# Helpful little project I did today..



## Dave F (Jan 2, 2008)

For the next couple of buildings I'm going to construct I want to use a kind of "post & beam" construction. I've ripped about a hundred or so 3/8's inch square strips about 18" long on my table saw. I can cut them to whatever length I need to build the framing of walls or roofs. I think I'll frame up the walls, then cover them with 1/4 inch masonite, then paint or cover them with whatever is necessary to get the look I want. The first structure will be covered in corrugated aluminum.. 

Anyway, I was fiddling with these "sticks" and having a **** of a time gluing it all up square. So I built a "Square Table" today.

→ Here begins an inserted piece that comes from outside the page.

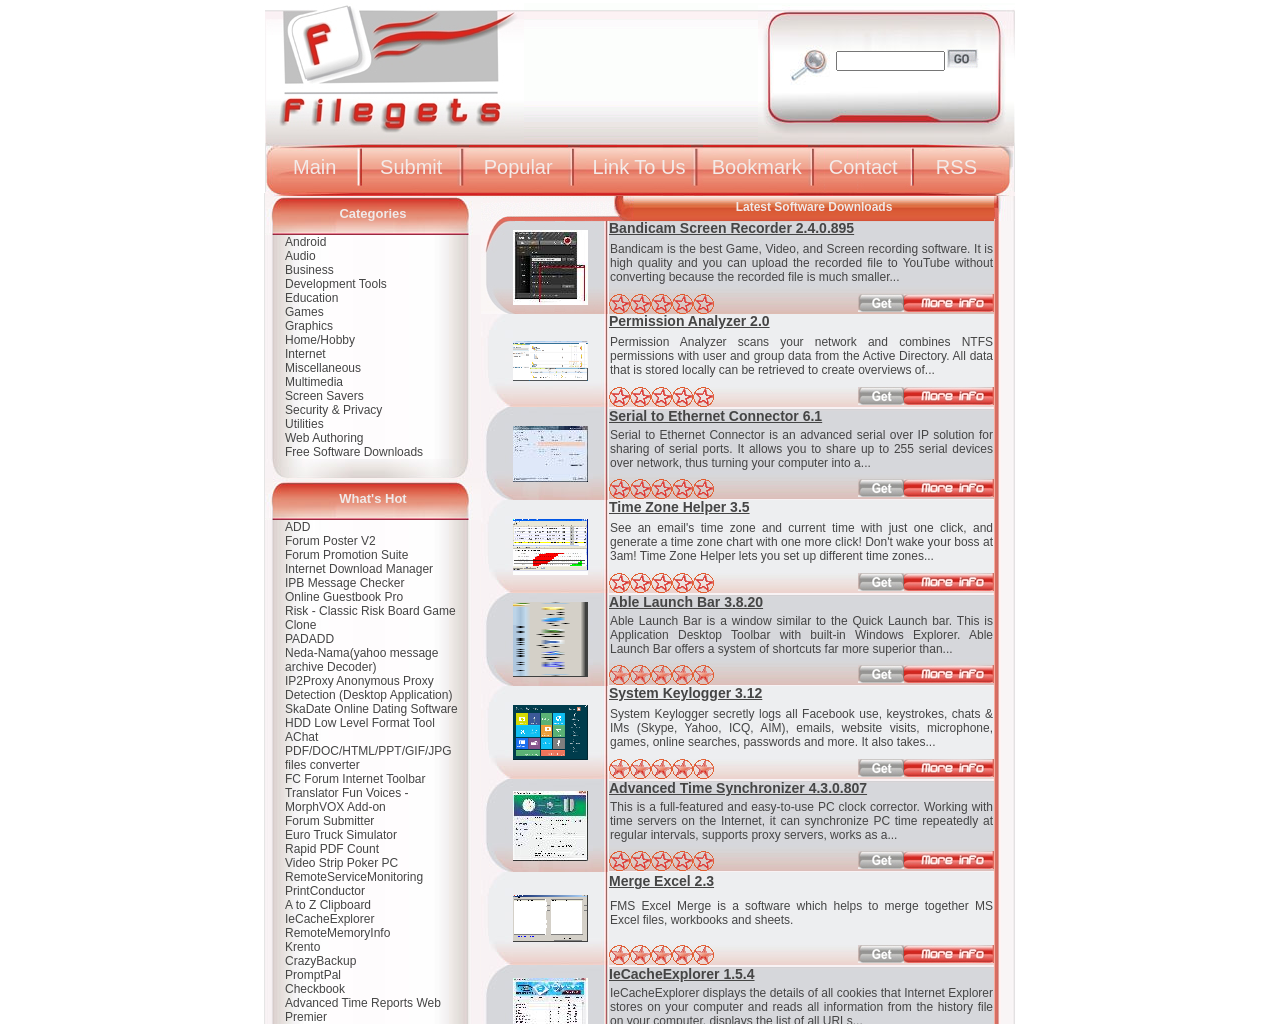 filegets.com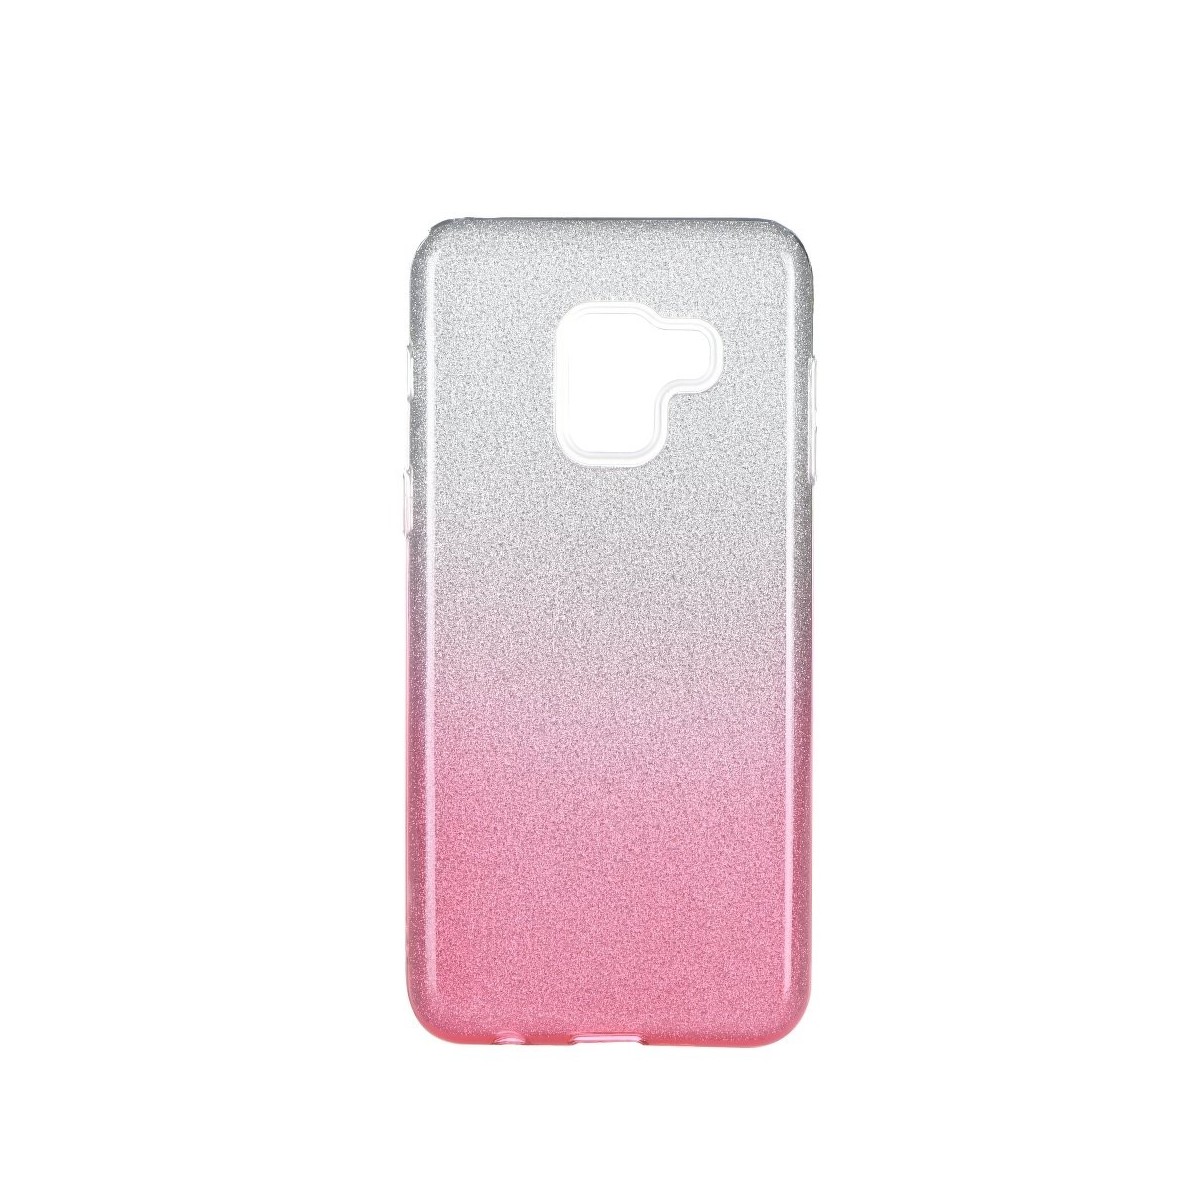 Coque Galaxy A8 (2018) à paillettes roses et argentées - Kaku

A very simple slab of flat pressboard with two cleats attached at right angles, one on the bottom, one on the left. They are glued and screwed in place making sure that they were square...










Now it's just a matter of placing the "beams" in place on the square table and clamping them in place while the glue dries. I left gaps in the corner so if need be I can glue a piece in the middle of a beam. But as long as the outside frame is square, what goes on in the middle really doesn't matter. 










Here's a dry fit of the wall of the soon to be completed coal loader..










As I build out the coal loader I'll post pics of the progress on that as well. This shop jig should make short work of that project. 

I may add an additional cleat (or cleats) near the top set at a 20 degree angle for the fabrication of roof joists.. 

Shop jigs just make the world better..


----------



## tom h (Jan 2, 2008)

Nice job Dave, I learned also to build a form to help me build things, goes a lot faster, another thing you could try, air nailer from Harbor Frieght, less than $20, Stan Cedarleaf told me about it, goes down to 1/2 nails, it works great when you glue and nail, stays together while it dries, you can build them faster instead of watching the glue dry









Tom H


----------



## Paulus (May 31, 2008)

Good thinking! 

A simple but practical solution.


----------



## Dave F (Jan 2, 2008)

Isn't that what this place is about... sharing ideas.. If just one other person can benefit from this then I can feel like I've made a contribution. Yeah for us..


----------



## Tenwheeler (Mar 5, 2010)

Dave,

Great idea! I have used jigs for years and have always been impressed with the benefits (square joints, ease of construction, consistent quality, etc.). I would echo the recommendation by Tom H and Jack Verducci (GR, Apr 2010 article) to use an air/pin nailer. Mechanical fits are always desirable.
I would make one additional suggestion. Use acrylic plastic (1/8” or better) to construct your jig. Most of the wood glues will not bond to the acrylic while a joint is clamped and drying in the event glue leaks from the joint. It is also much easier to keep clean. I have used acrylic plastic jigs for years for trestle bents, hand laid wood ties and building frame construction with excellent results.
Suggested source for plastic – go check out the local plastics supplier in the area, they are usually agreeable to let you go back in the shop and pick through the ‘cut-off bin’ for free. Heck, they are going to throw out the scrap anyway, so why not let someone get some use out of it!

Look forward to seeing your progress on the coal loader.

Jerry
“Pour the coal to her, she don’t leak”[/i]


----------



## Dave F (Jan 2, 2008)

Thanks Jerry. If I construct any more jigs I may just look into the acrylics, great idea. And yes, I do have a pin nailer and use it. 

My Grandfather was a cabinetmaker and I worked with him in his shop when I was young. That's where I learned all my woodworking skils. He had a much larger "square table", similar in design to this one that he's use for making drawers and carcases. I just downsized mine for model building. Taking my cues from his work, I put down a layer of paper under the workpieces to keep from gluing them to the jig. The paper tears off easily and the remnants are sanded off. 

I've started on the coal loader, I need to get some pics posted. I'll try to do that today.


----------



## Tenwheeler (Mar 5, 2010)

You’re Welcome Dave.

Grandfather was a cabinetmaker… how interesting. My great grandfather was a cabinetmaker/casket maker that was born in Switzerland and lived in Cincinnati. They always say, the seed never falls far from the tree.

Jerry
“Pour the coal to her, she don’t leak”[/i]


----------